Writes Mukul Kesavan,

No, doomsayers like me don’t dislike Twenty20 or the IPL: we’re scared that they’ll make our cricketing passions obsolete. As we fret about the future of the four-innings game (Will the Ranji Trophy survive? How will we nurture future Test cricketers if it doesn’t?), it might help if we begin by recognising that we aren’t alone. Historically, what is happening to cricket today has happened to other forms of entertainment – music, for example – in the past.

People who prefer Test cricket to the limited-overs forms of the game are often called “purists”. This is the wrong term: fans of Test cricket don’t see the long game as the “pure” form of the game; they think of it as the classical form.
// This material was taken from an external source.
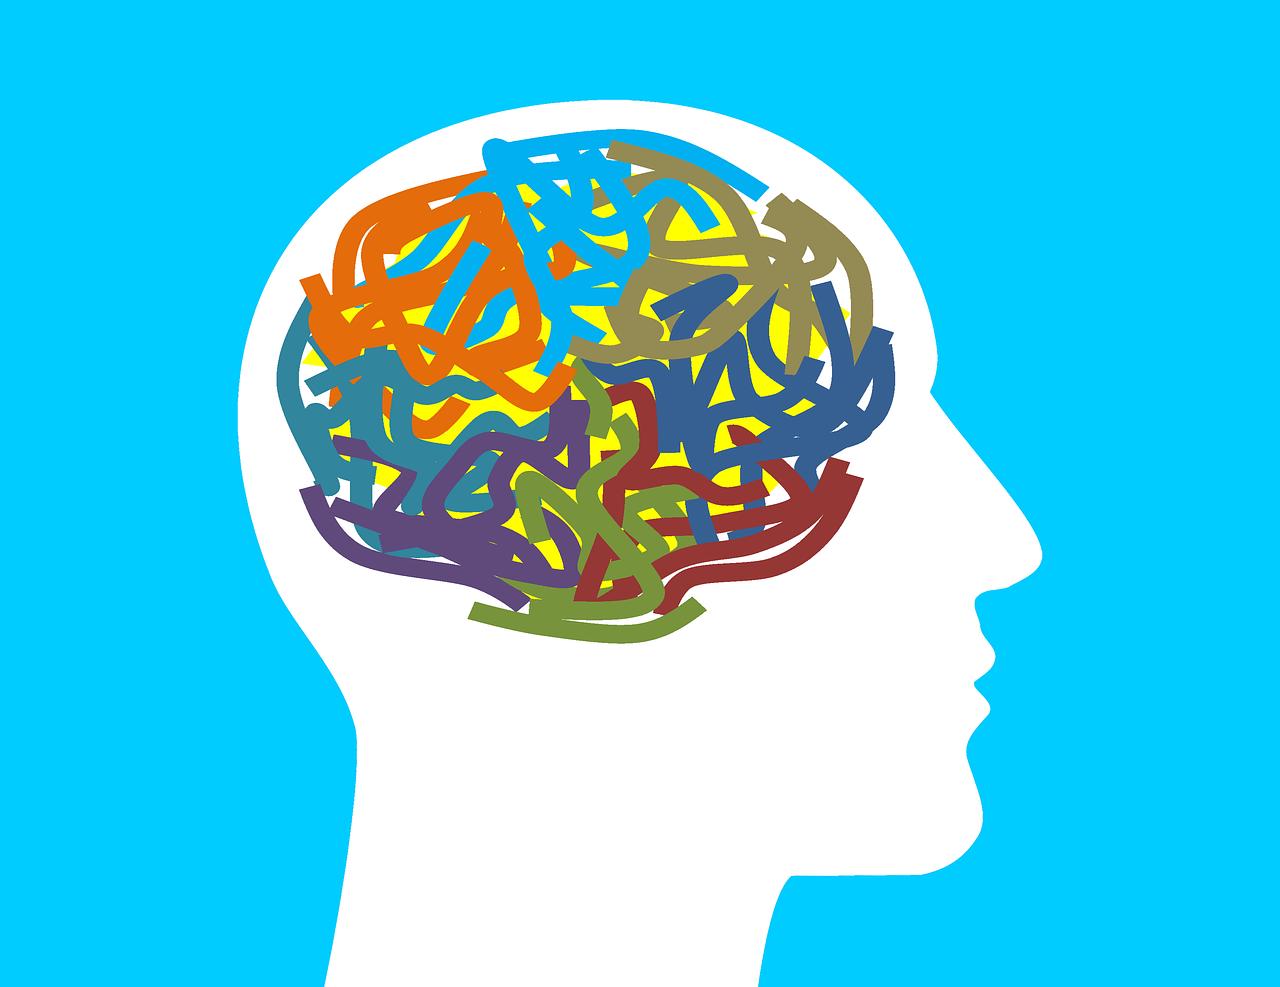 Mental Health Brain Mind - Free image on Pixabay

It is classical because it is a codified, cultivated form of the game, distinct from both local/popular/primitive forms of bat-and-ball games as well as modern abridged variants such as ODIs and Twenty20. Classical also in the sense of being authoritative and definitive. Rahul Dravid, for example, chose the players for Vijay Mallya’s franchise on the principle that good Test players ought to be able to play Twenty20 cricket because the four-innings form teaches the Test player a classical technique that can be turned to any purpose, a style for all seasons. He was horribly wrong (as we now know) but this was more than an individual error: it represented the collapse of the classical ideal in cricket.

Well, the fact remains that test cricket is an anachronism in today’s world. In practically no other sport, teams slug its out over five days. Sure, it gives test cricket its special flavor but that is not a sufficient reason for it to survive if people are not interested in watching it. I was skeptical of IPL’s success but by all accounts it seems to be doing well. And there is at least some degree of club loyalty: Dhoni was jeered in Mumbai. If T20 is what interests the majority of viewers and let’s face it–it is the Indian cricket fan who really matters–then so be it. No sport, no art can be kept alive perpetually by artificial means. It may be disappointing for people Like Kesavan or me for that matter, but sport cannot be elitist and popular at the same time. Cricket must deliver what its market demands. 

Two minor quibbles with Kesavan’a article. First, the analogy of classical music isn’t the most appropriate one. Classic music doesn’t need the infrastructure or investment of a test cricket. A few thousand followers, an elitist tag to attract the uppity corporates, and of course, some hugely talented and respected musicians is enough. Second, I still remain unconvinced that Bangalore’s travails can be explained only by team selection. For one, Dravid himself seems to be doing quite well. For another, it’s not as if the one day specialists–Misbah-ul-Haq and Craig White–are setting the stands on fire. And the Hyderabad team, packed with big hitters isn’t doing that well either.